13 months ago by
Republic of Ireland
Buenas tardes amigo/a,
In order to better understand the batch correction methods, I highly recommend reading the following manuscript two or three times:
The conclusion that you should get from reading this is that correcting for batch directly with programs like ComBat is best avoided. If at all possible, include batch as a covariate in all of your statistical models / tests. Programs like DESeq2 allow you to include batch (like any other factor) as a covariate during normalisation.
Edit 1: 17th June 2018.
It should be pointed out that there is a difference between modelling a batch effect and directly modifying counts in order to counteract a batch effect. Programs like ComBat aim to directly modify your counts in an attempt to eliminate batch effects (it literally 'subtracts' out the modelled effect, which can result in the infamous negative values after employing ComBat). After employing ComBat, statistical tests are conducted on the modified counts, with batch not appearing in the design formula.
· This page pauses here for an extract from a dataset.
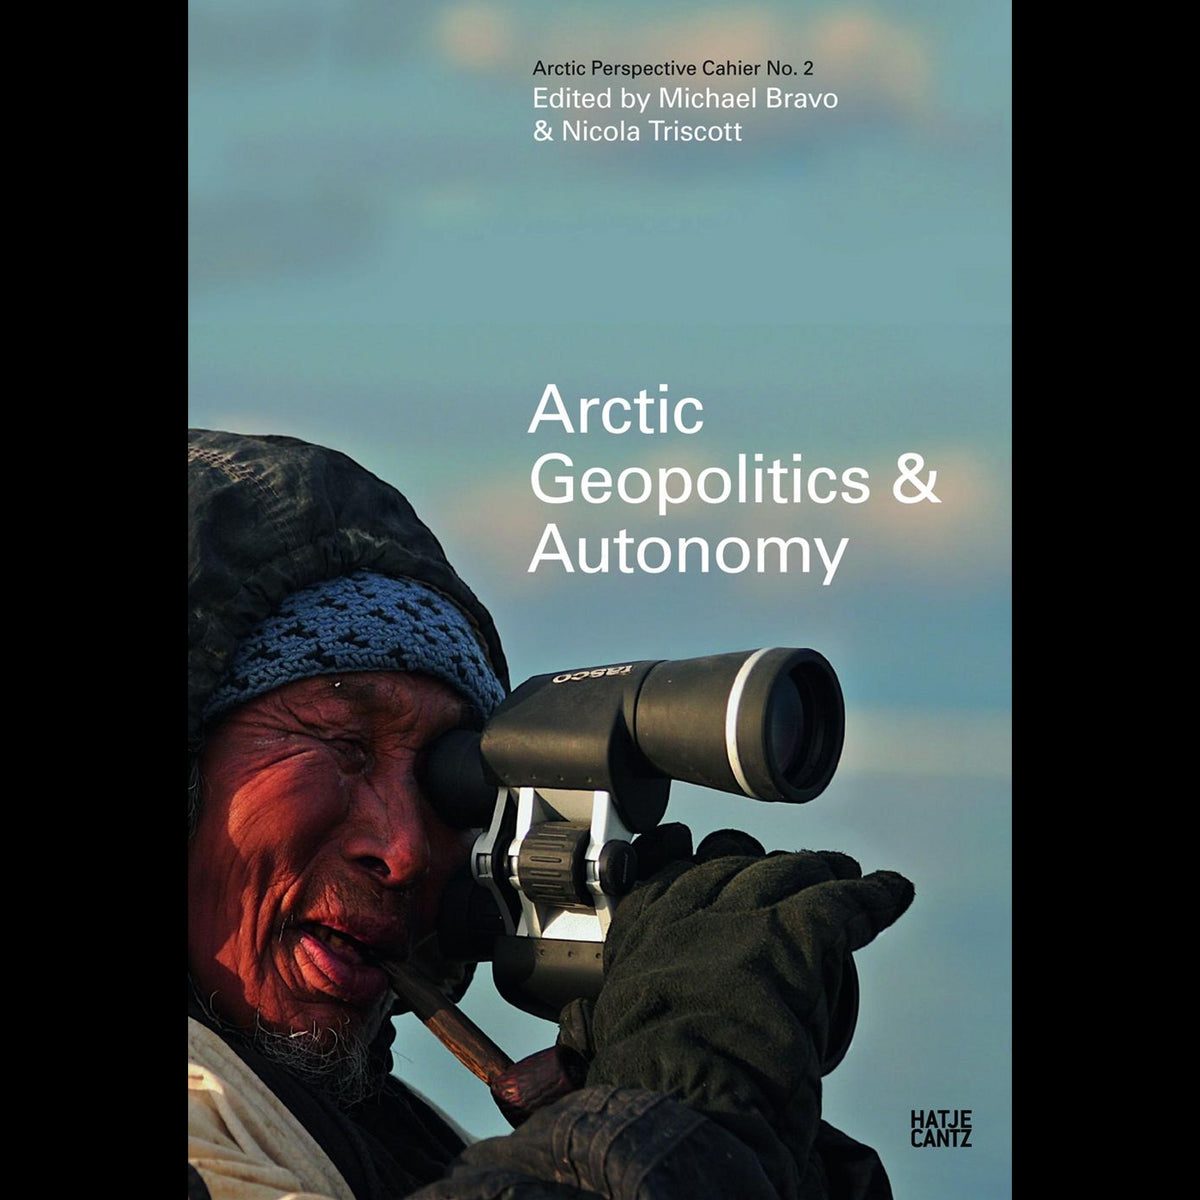 Coverbild Arctic Perspective

However, by including 'batch' as a covariate in design formulae for the purposes of differential expression analysis, one is simply modelling the effect sizes of the batch (without actually adjusting your raw or normalised counts), which are then used to adjust the statistical inferences when calculating p-values for your condition of interest. This does not modify the underlying data. In DESeq2, however, the
rld() transformations can adjust the actual transformed counts based on batch (and anything else in your design formula) by setting
blind=FALSE, and this is the recommended procedure by Michael Love when the aim is to use the transformed counts for downstream analyses.
Edit 2: 17th June 2018.
Between ComBat and the
removeBatchEffects() function from limma, I would use the limma function.